Figure 9. GEO dataset validation and proposed mechanisms underlying SWT-mediated induction of senescence in breast cancer cells. (A) Validation of the expression patterns of 6 ASI-related DEGs in MCF-7 cells treated with different drugs via analysis of different GEO datasets. (B) Graphical abstract showing the mechanisms underlying SWT-mediated induction of cellular senescence in BC.
Discussion
Since the pathological mechanism of BC and the multicomponent and multitarget characteristics of SWT are very complex, a single experiment cannot systematically reveal the pharmacological mechanism by which SWT affects BC. An efficient method that integrates systems biology and in silico technologies is more suitable for such studies. Therefore, we attempted to use this integrated strategy to explore how SWT exerts pharmacological anti-BC effects by inducing cellular senescence.
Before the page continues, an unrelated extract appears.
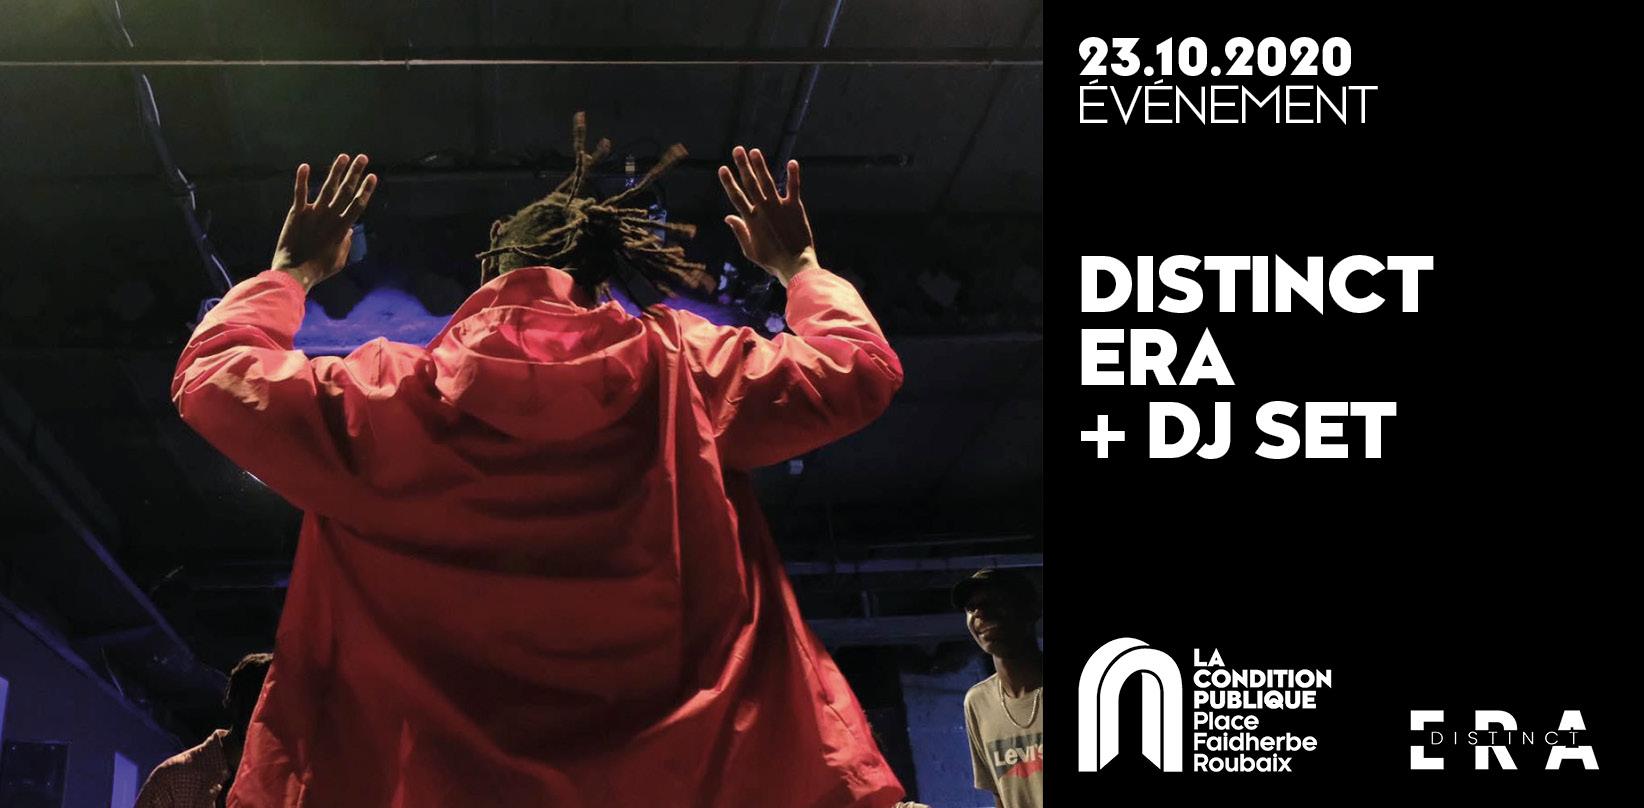 Soirée hip-hop Distinct Era

According to the herb-active component network diagram, the roles of stigmasterol, β-sitosterol, and 3-epi-beta-sitosterol, which are three hub components, are substantial. We hypothesize that these active components may be an important basis for the synergistic anti-BC effect of the 4 herbs in SWT. Previous studies have shown that β-sitosterol can inhibit the growth of MCF-7 human breast cancer cells by activating Fas signaling and regulating apoptosis [21]. Stigmasterol is a plant sterol that has been shown to exert anticancer effects against various cancers, including breast cancer [22]. Although the anticancer activity of 3-epi-beta-sitosterol has not yet been reported in the literature, phytosterols are structurally similar; they appear to exert anticancer effects by inhibiting cancer cell growth, invasion and metastasis, promoting cancer cell apoptosis, and other mechanisms [23]. In addition to phytosterols, other active components have been shown to exert anti-BC effects. Kaempferol induces cell cycle arrest, apoptosis, and DNA damage, thereby inhibiting the proliferation of BC cells [24]. Paeoniflorin inhibits the proliferation and invasion of BC cells by inhibiting the Notch-1 signaling pathway [25]. Overall, these active components of SWT exert strong pharmacological anti-breast cancer effects.
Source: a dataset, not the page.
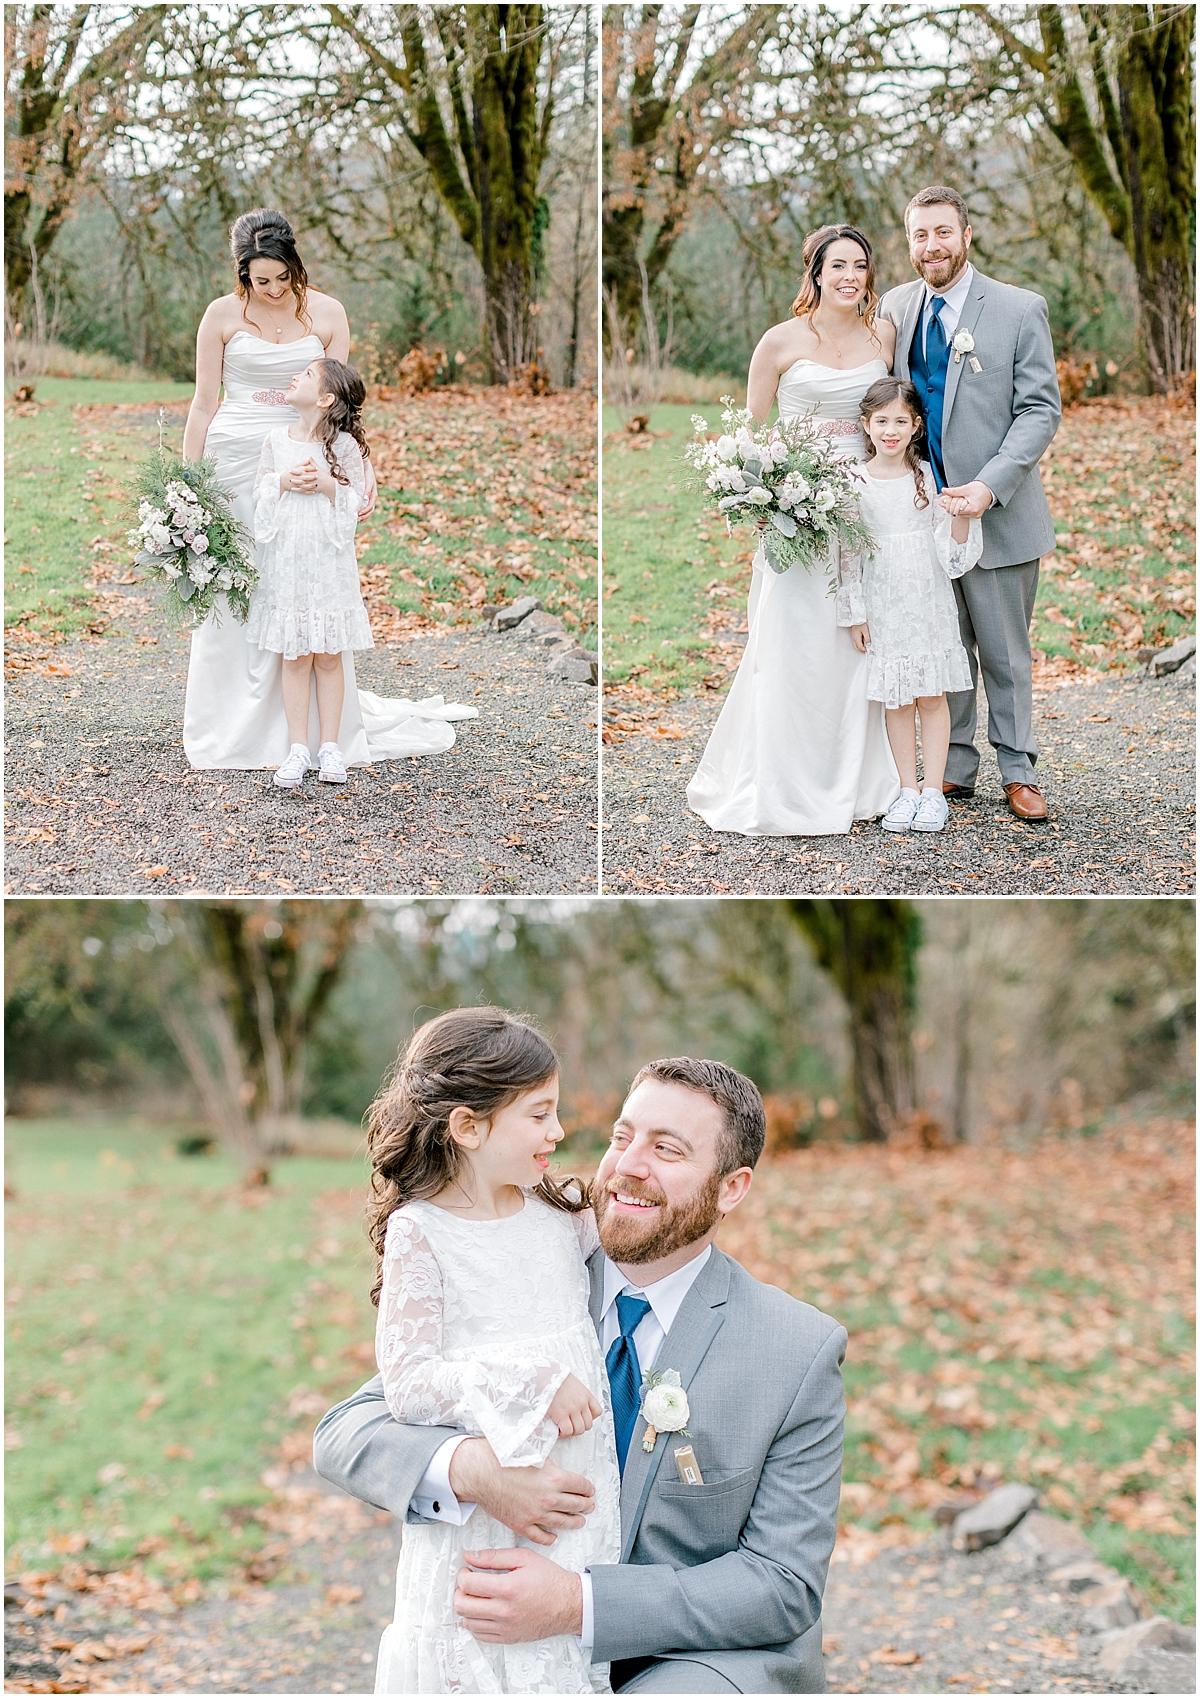 Chehalis Washington Winter Wedding Silver and White | Willapa Hills Farm Wedding | Eastham | Emma Rose Company PNW Light and Airy Wedding Photographer_0034.jpg

Diverging from the conventional network pharmacology approach of mining potential TCM targets in a target prediction database, we used the public GEO dataset to analyze the gene expression profile of the BC cell line MCF-7 after treatment with SWT in order to increase reliability. A total of 234 significantly upregulated DEGs and 101 significantly downregulated DEGs were identified, suggesting that SWT may exert its anti-BC effects through the effects of multiple active components on these targets. Moreover, the PPI results indicated that SWT inhibits BC through a complex molecular network. Some DEGs with high topological parameters were defined as hub genes, including genes that play important roles in cell cycle arrest in senescence (CDK6, CDKN1A) [26], genes that are key targets of cancer therapy (PIM1, SKP2) [27, 28], genes related to the tumor microenvironment (CXCL8) [29], and genes that encode tumor suppressors (SOCS1) [30].
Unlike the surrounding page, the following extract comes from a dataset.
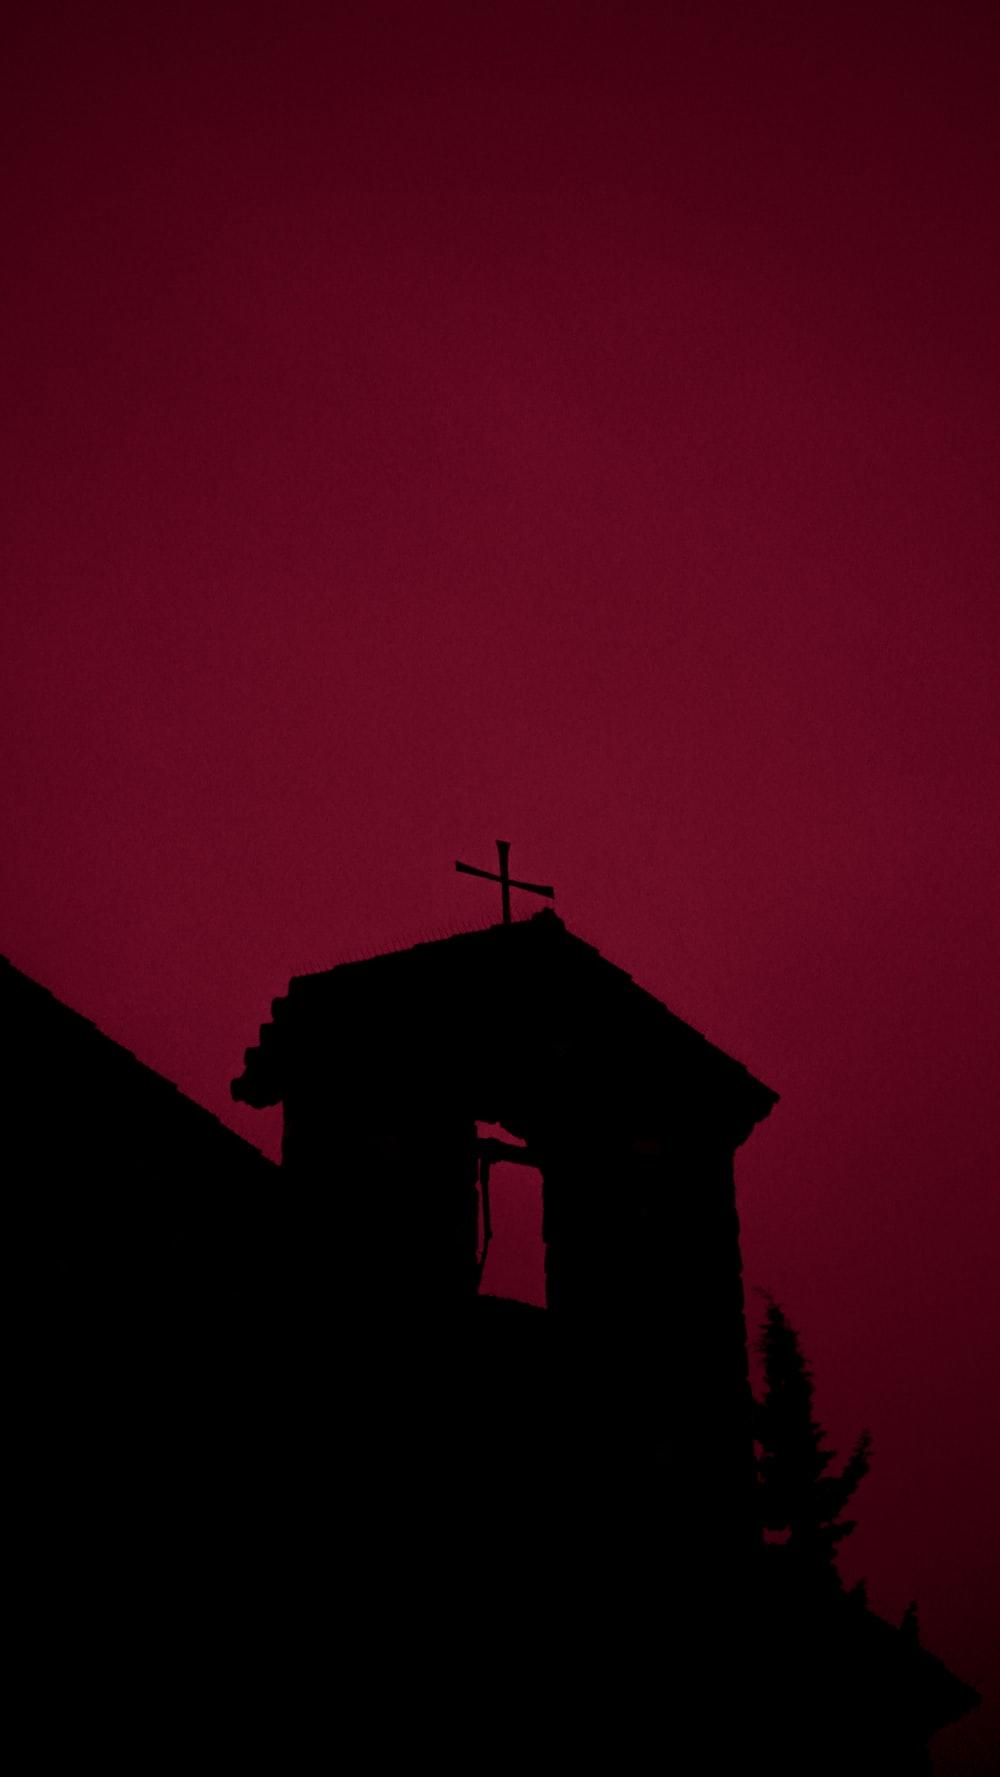 cross during nighttime

We analyzed 234 upregulated DEGs and 1153 ASIGs to better elucidate the mechanism by which SWT induces BC cell senescence. The results showed that SWT might induce BC cell senescence by upregulating the expression of these 33 ASIGs. An enrichment analysis of these 33 aging/senescence-induced related DEGs revealed that SWT-induced cellular senescence is mainly regulated by cellular senescence-related processes or pathways, including senescence and autophagy in cancer, the MAPK signaling pathway, apoptosis, the p53 signaling pathway, cellular senescence, the cell cycle, and the FoxO signaling pathway. Recent studies have shown that these biological processes and signaling pathways are related to cellular senescence [31–34].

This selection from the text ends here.